Thanks for the reply both.
So, how would you switch the warning light off? Get the dealer to do this, I presume?
Thanks,
Wim


----------



## chrisj428 (Feb 26, 2005)

*Re: (wimdows)*


_Quote, originally posted by *wimdows* »_So, how would you switch the warning light off? Get the dealer to do this, I presume?

Wim,
If you have access to a VAGCOM, the first post in this thread explains how to disable the seatbelt reminder. Contained therein are also instructions on how to disable the brake pad wear indicator. Change the appropriate digit in Controller 17 (the fourth digit from the right) by the appropriate amount (-1 in this case) and Bob's your Uncle.

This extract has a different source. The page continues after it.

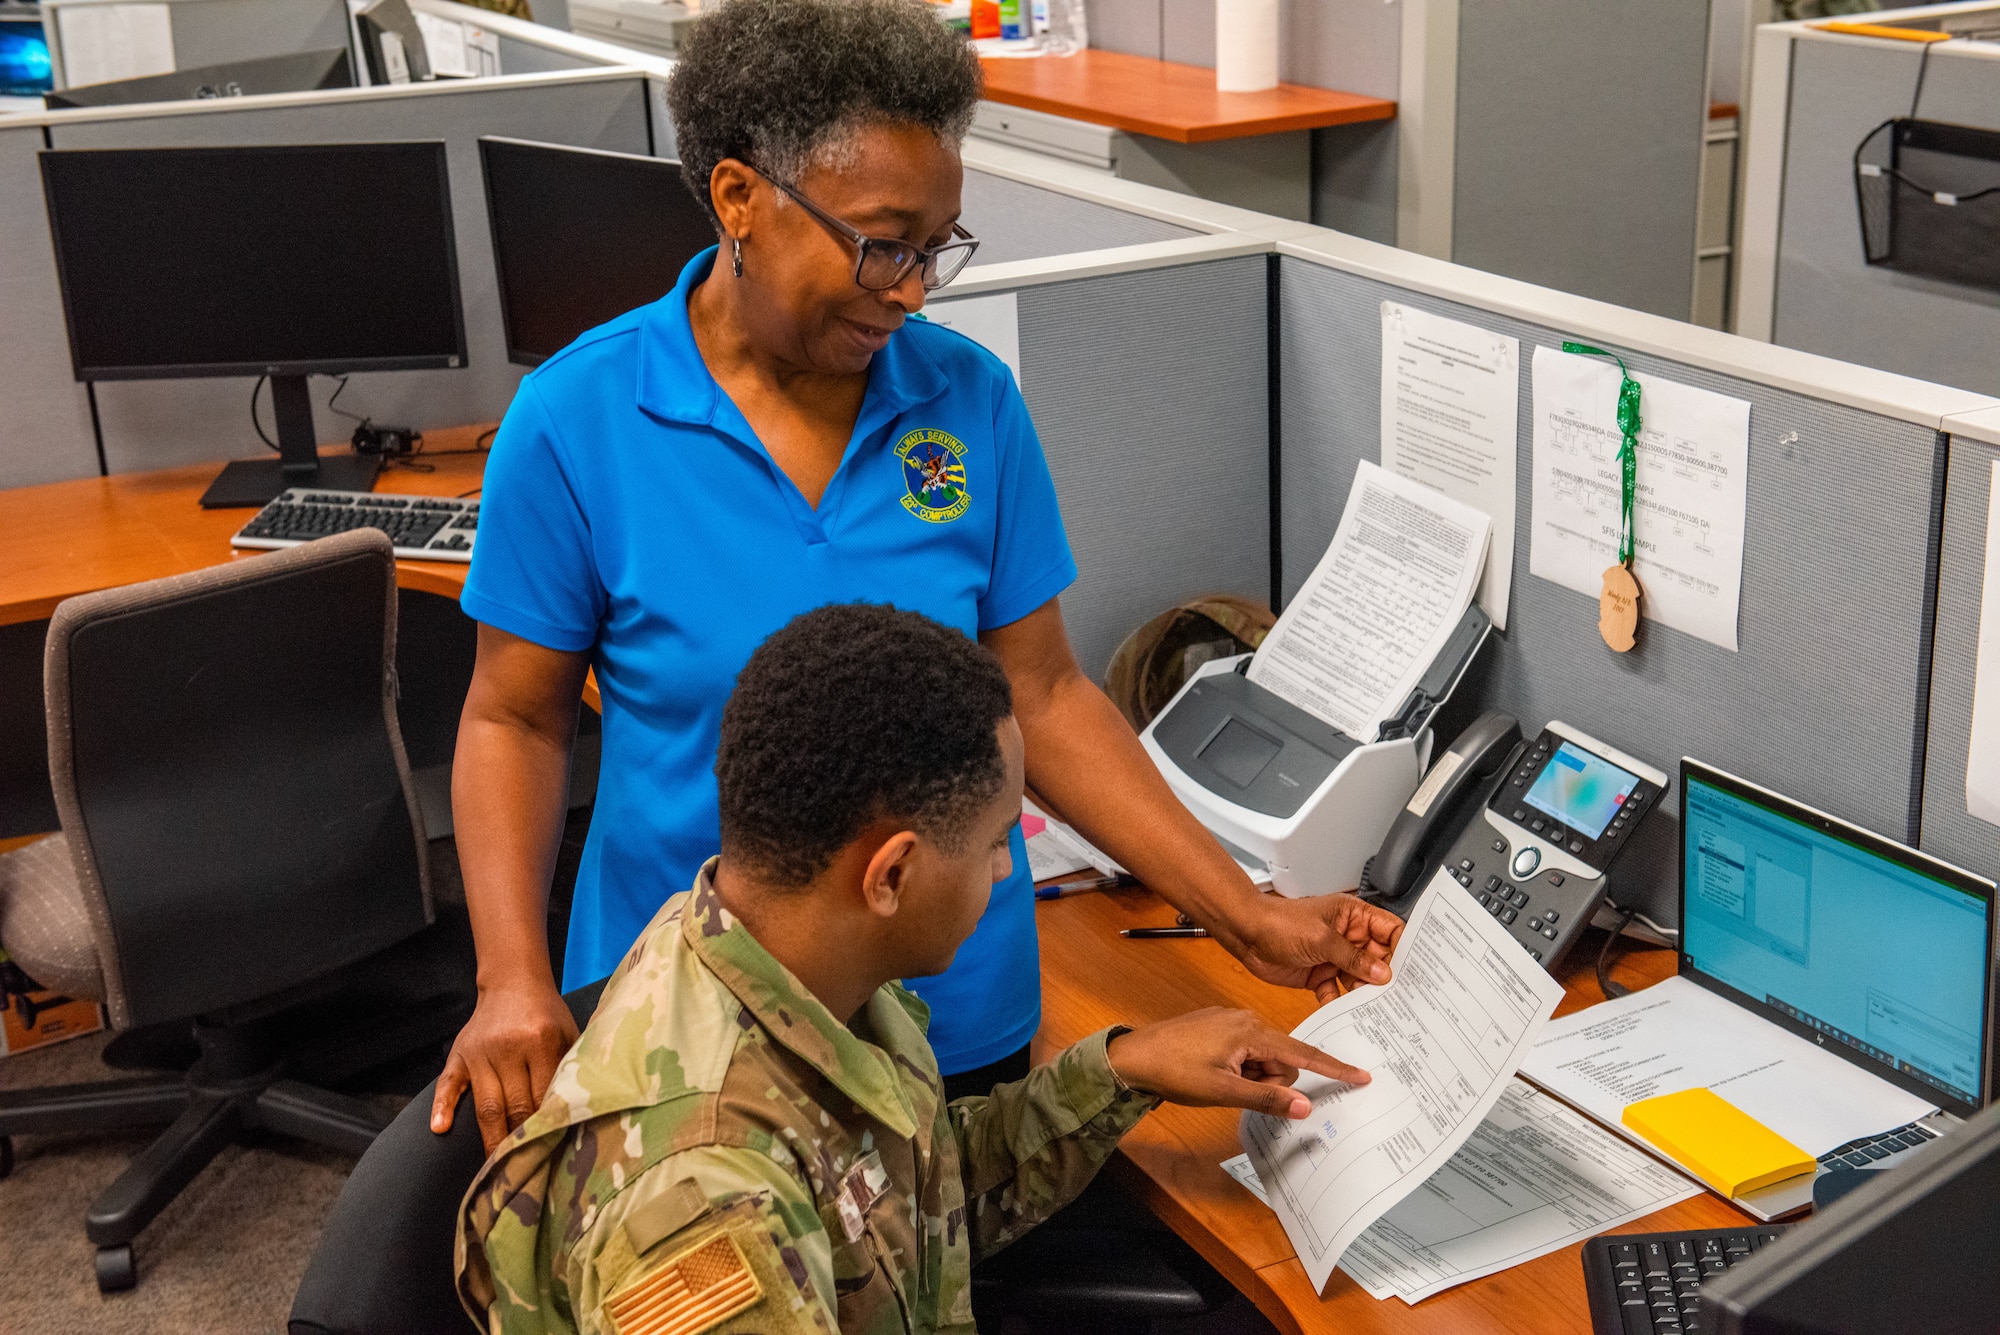 U.S. Air Force Senior Airman Miles Clark, 23rd Comptroller Squadron accounting technician, and Sheila Carter, 23rd CPTS budget analyst, review paperwork at Moody Air Force Base, Georgia, April 7, 2022. While maintaining the normal routine for 23rd wing operations, the CPTS team went outside its normal scope by developing a plan to make Lead-Wing readiness a reality. (U.S. Air Force photo by Airman 1st Class Courtney Sebastianelli)

Otherwise, have the dealer perform the same. Should take them longer to find the 5052 than it will to actually change the coding.


----------



## copernicus0001 (Nov 30, 2004)

*Re: Intermittent 'check brake pads' light (wimdows)*

Wim,

I *strongly disagree* with the above posts recommending switching off the brake pad warning annunciator for the following reasons:
1. Your vehicle is under warranty and it should perform correctly. Switching this indicator off does not fix a problem, it is just a way to ignore it. Ignoring a problem is not the proper corrective action.
2. This particular annunciator deals with vehicle safety, in particular, brake pad condition. I would want to be certain that my brakes are functioning properly and are in good condition. In the future, I also would want to know when the brake pads needed to be replaced before all of the pad material had been exhausted.
3. If you have someone turn off the brake pad wear annunciator, it is likely it will stay that way for the life of your vehicle. It is very unlikely that someone (a technician) doing a brake job in the future would re-enable this unless specifically instructed to do so. 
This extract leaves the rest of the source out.